- **What is needed**:
Your output should match the listing below word for word, without any images.

─── Raw data ───

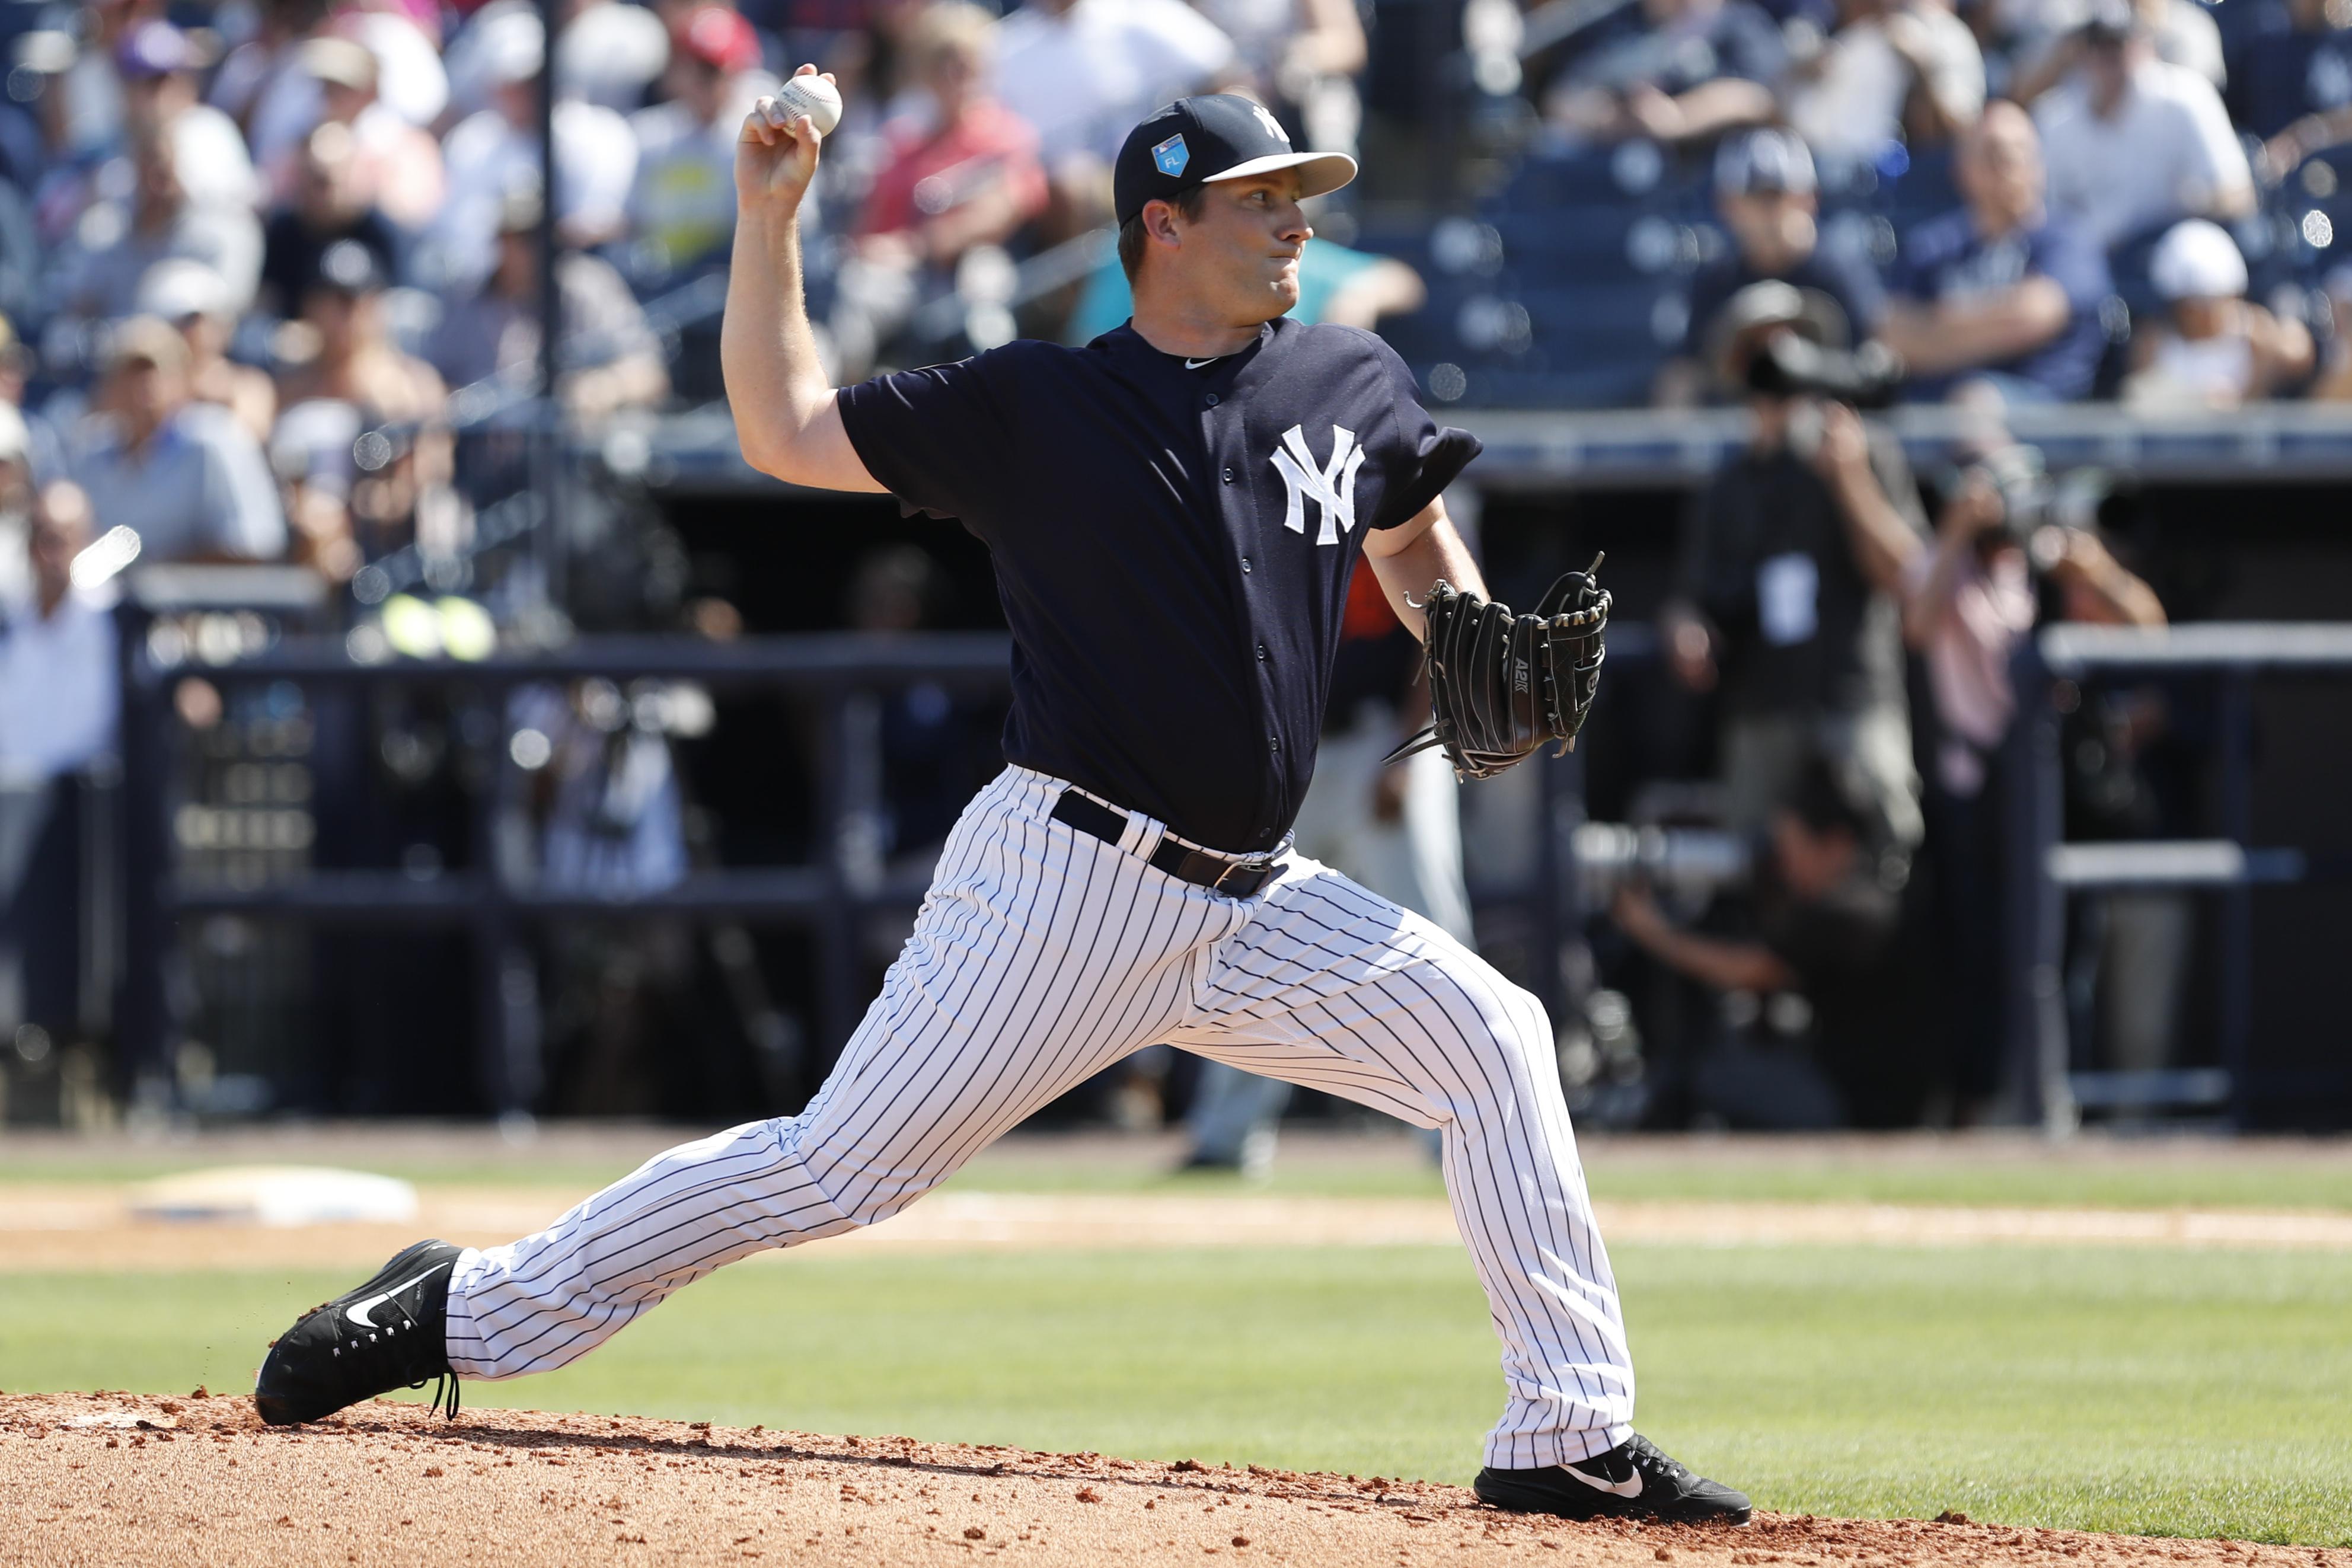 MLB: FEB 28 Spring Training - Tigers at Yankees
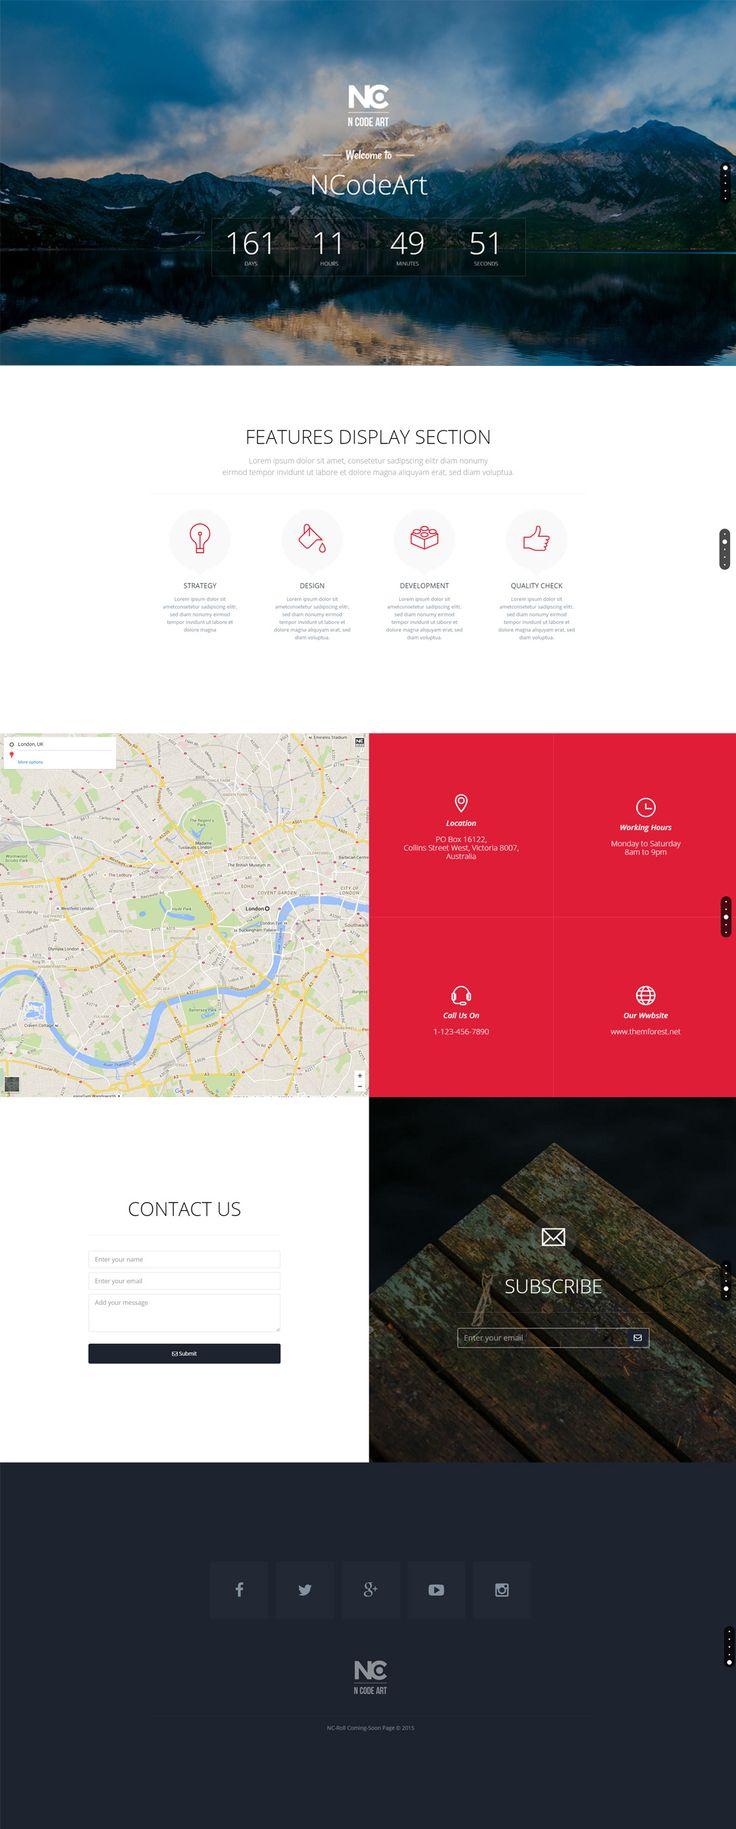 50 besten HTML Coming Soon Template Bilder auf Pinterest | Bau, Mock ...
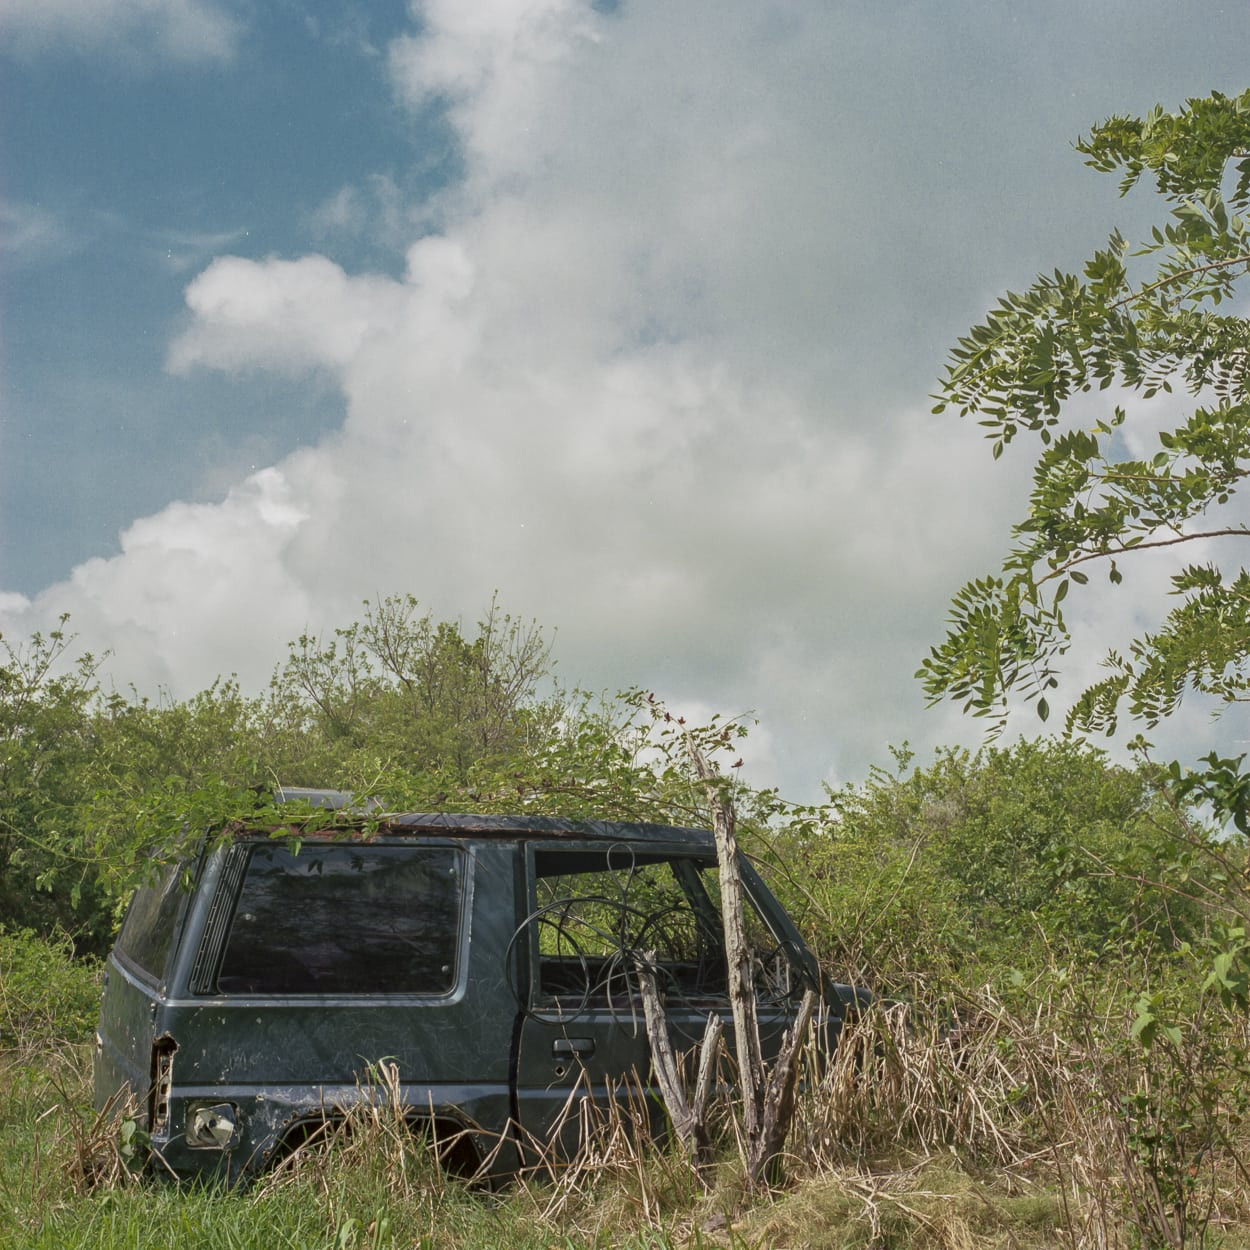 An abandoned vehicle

───

- **Finished exercise**:
 MLB: FEB 28 Spring Training - Tigers at Yankees
 50 besten HTML Coming Soon Template Bilder auf Pinterest | Bau, Mock ...
 An abandoned vehicle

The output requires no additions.